(REQUIRED ACTION) Start at the first line below and write out everything verbatim except the pictures.

(GIVEN DATA)
<<<<

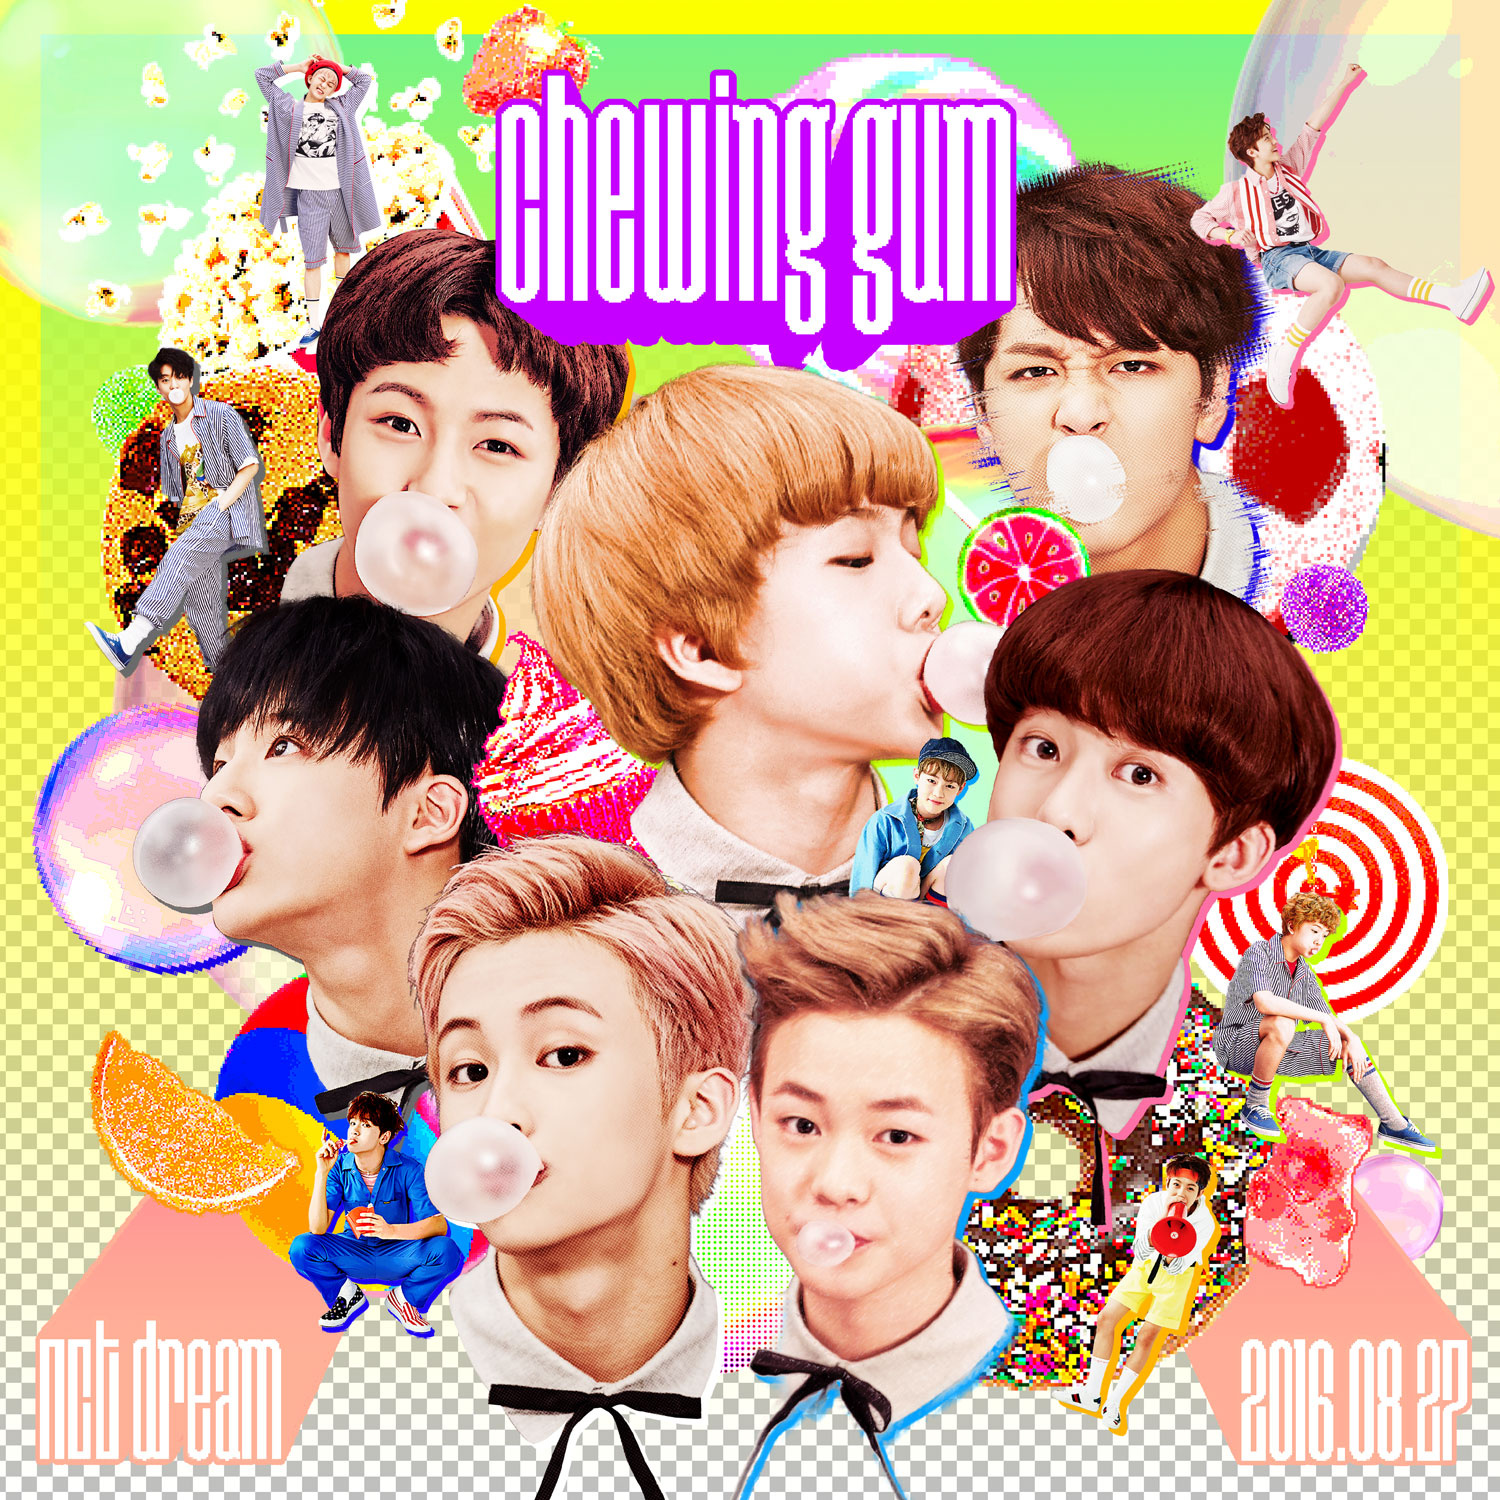 口香糖(韓國組合NCT DREAM歌曲《Chewing Gum》)
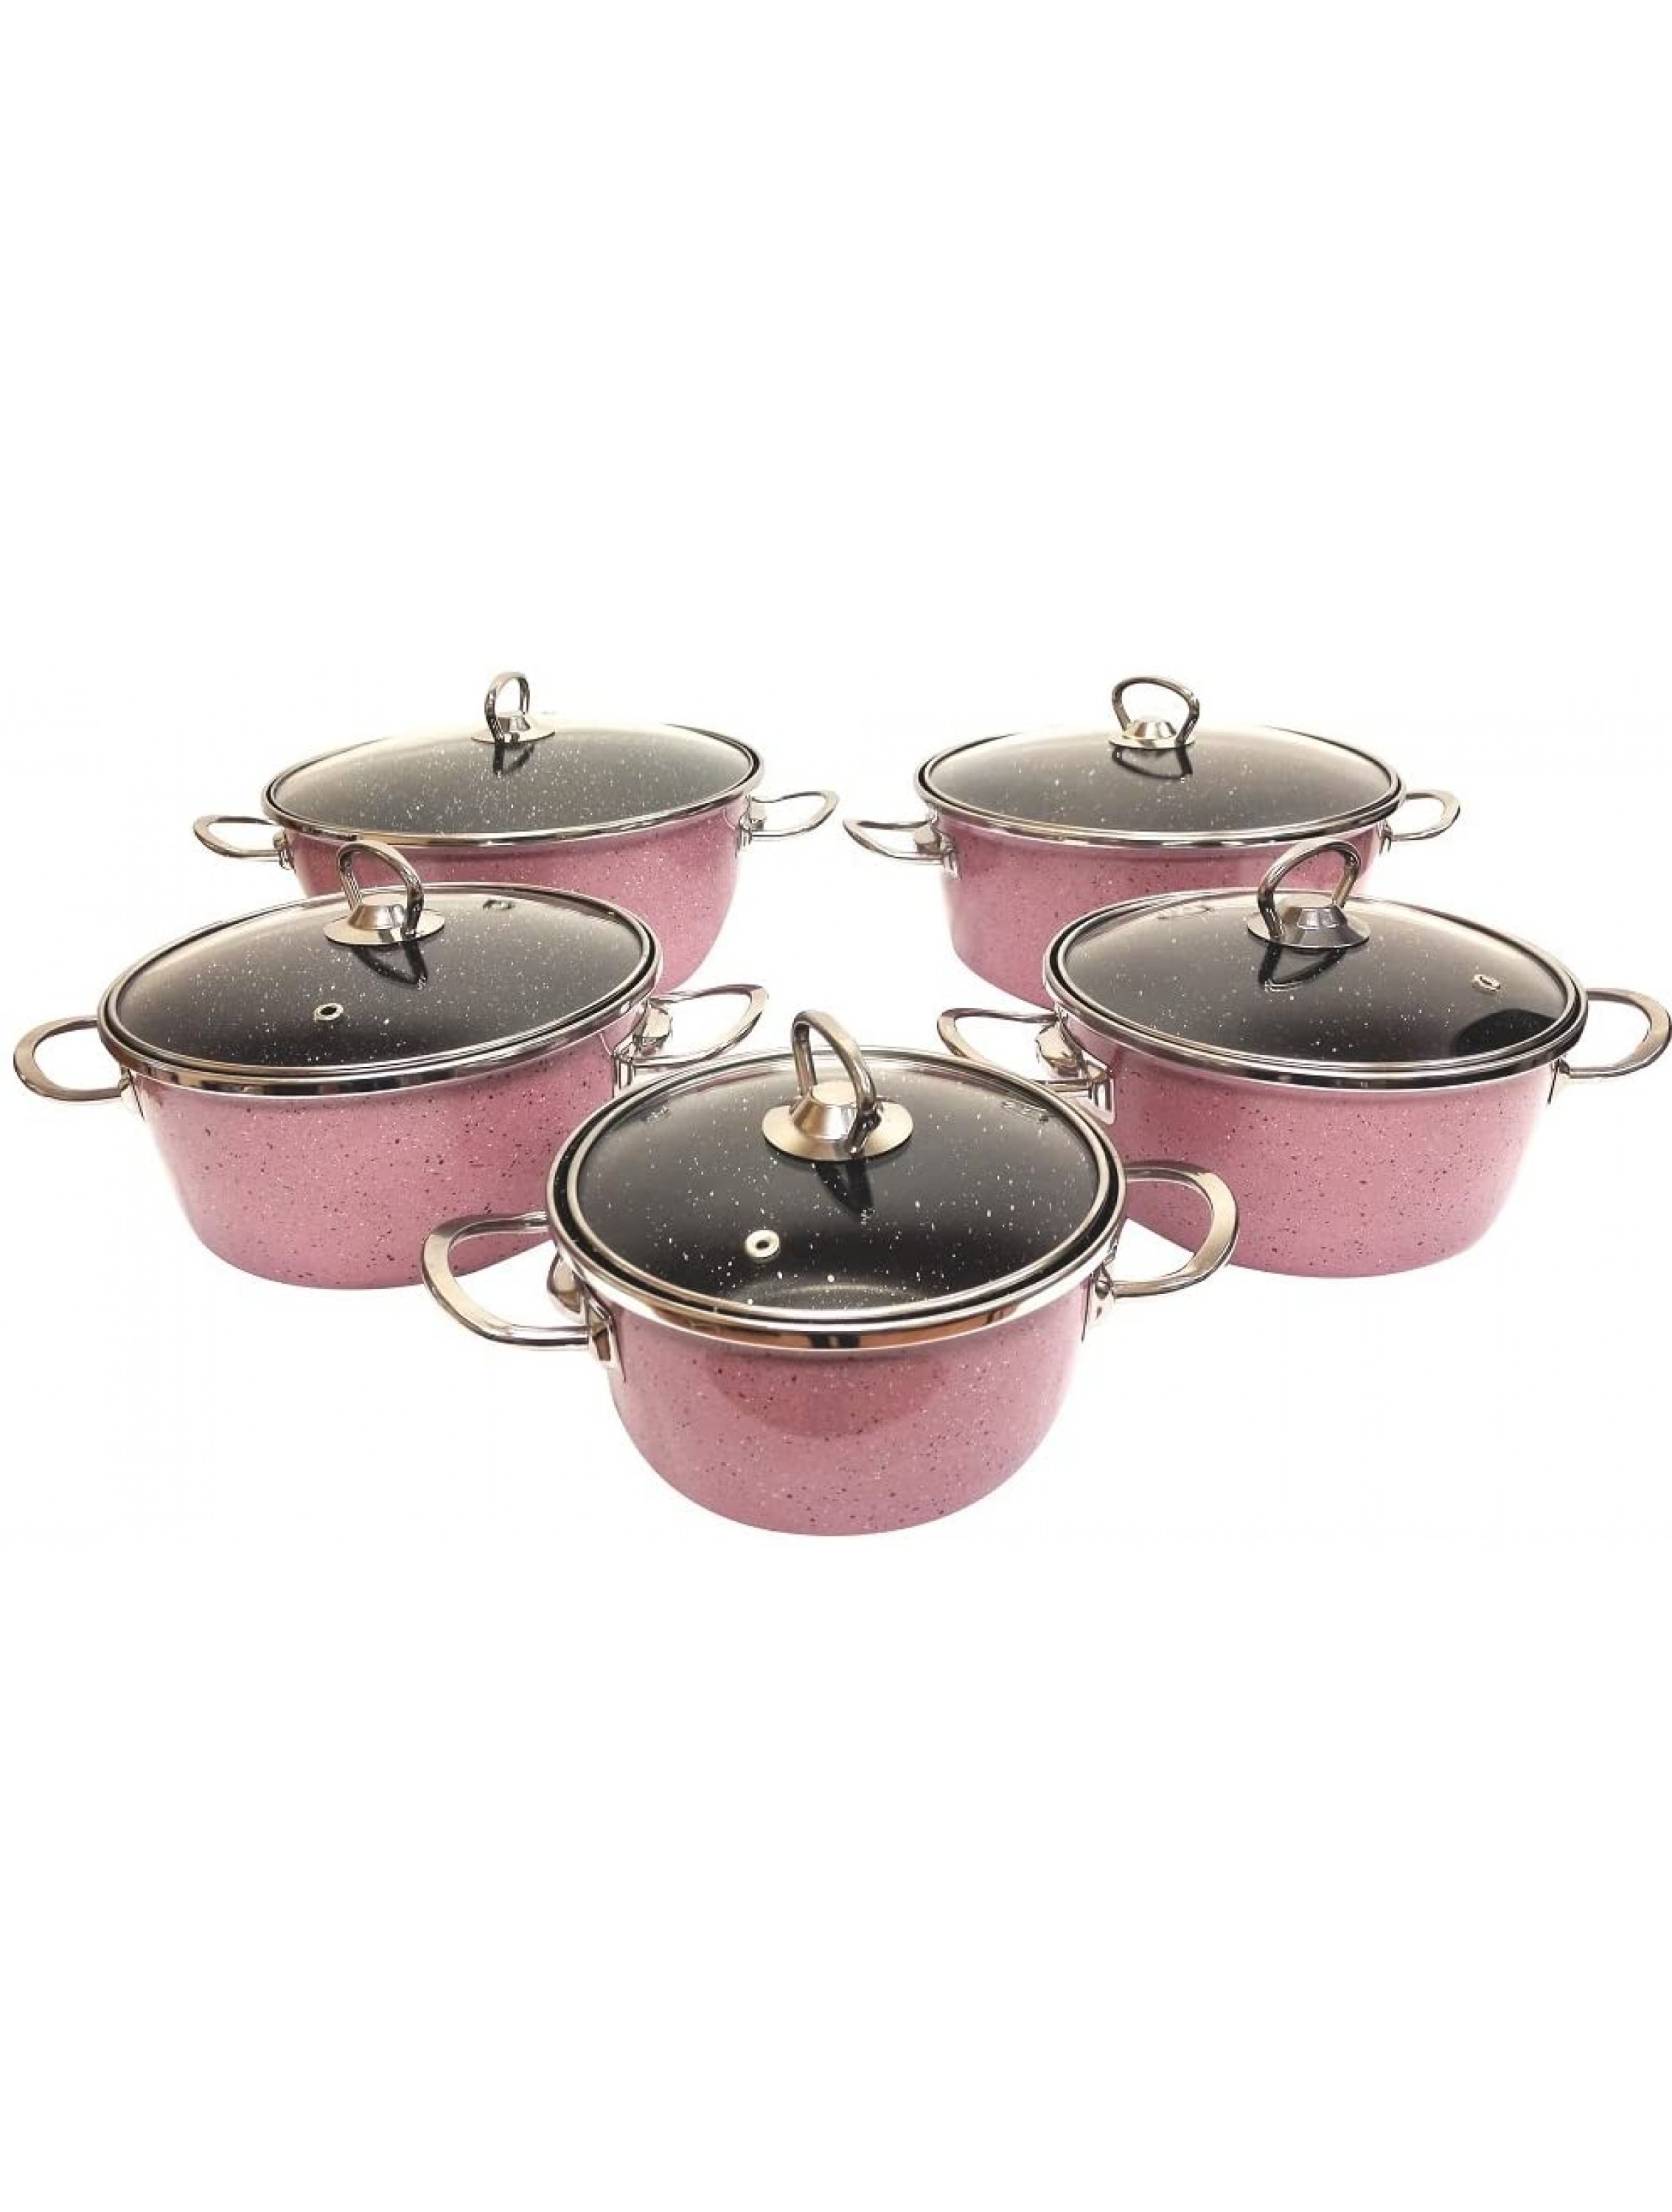 Uniware Super Quality Premium Enamel Cookware Set 10 Piece Set Pink - BHLVPLH4T
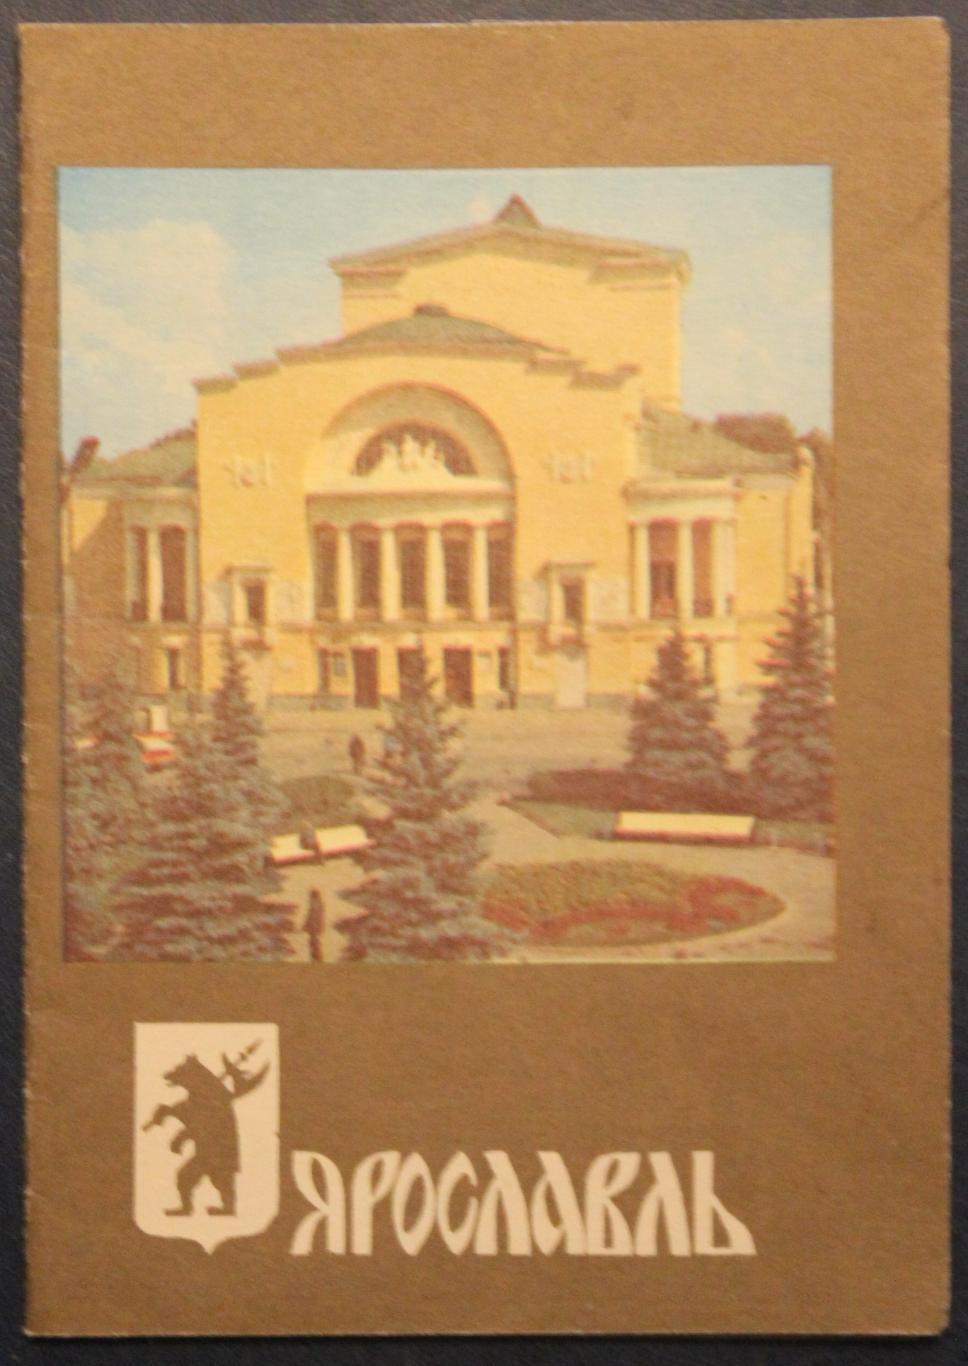 Сувенирный календарь-памятка Ярославль 1988

>>>>

(RESULT OF THIS EXERCISE)
 口香糖(韓國組合NCT DREAM歌曲《Chewing Gum》)
 Uniware Super Quality Premium Enamel Cookware Set 10 Piece Set Pink - BHLVPLH4T
 Сувенирный календарь-памятка Ярославль 1988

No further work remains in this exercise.